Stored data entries
═══

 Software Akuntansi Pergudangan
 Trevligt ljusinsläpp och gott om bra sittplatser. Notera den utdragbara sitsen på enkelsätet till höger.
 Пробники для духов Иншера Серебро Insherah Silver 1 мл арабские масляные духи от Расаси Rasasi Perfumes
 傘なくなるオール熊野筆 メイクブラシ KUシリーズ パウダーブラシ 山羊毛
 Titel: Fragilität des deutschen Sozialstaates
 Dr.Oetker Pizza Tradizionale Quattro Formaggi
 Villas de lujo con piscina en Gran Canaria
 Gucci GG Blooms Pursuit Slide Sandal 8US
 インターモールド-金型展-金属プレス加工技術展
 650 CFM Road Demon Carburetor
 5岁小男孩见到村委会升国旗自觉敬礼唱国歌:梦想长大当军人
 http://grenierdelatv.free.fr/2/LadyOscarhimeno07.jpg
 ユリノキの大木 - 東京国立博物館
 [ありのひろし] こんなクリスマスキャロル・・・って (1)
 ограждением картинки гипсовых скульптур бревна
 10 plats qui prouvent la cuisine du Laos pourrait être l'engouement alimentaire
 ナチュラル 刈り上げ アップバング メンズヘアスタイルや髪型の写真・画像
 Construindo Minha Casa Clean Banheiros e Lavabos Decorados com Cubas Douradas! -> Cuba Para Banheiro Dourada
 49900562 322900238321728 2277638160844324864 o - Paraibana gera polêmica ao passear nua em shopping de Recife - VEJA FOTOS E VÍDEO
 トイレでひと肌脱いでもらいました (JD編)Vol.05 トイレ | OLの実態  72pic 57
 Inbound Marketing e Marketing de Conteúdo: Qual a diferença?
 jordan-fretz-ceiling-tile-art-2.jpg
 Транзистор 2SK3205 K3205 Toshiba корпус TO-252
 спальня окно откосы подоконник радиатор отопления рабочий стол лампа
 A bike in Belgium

═══

Task details: Set down exactly, and only, the lines from the one containing "Inbound Marketing e" through the final line of the entries above.

Answer to this problem:
 Inbound Marketing e Marketing de Conteúdo: Qual a diferença?
 jordan-fretz-ceiling-tile-art-2.jpg
 Транзистор 2SK3205 K3205 Toshiba корпус TO-252
 спальня окно откосы подоконник радиатор отопления рабочий стол лампа
 A bike in Belgium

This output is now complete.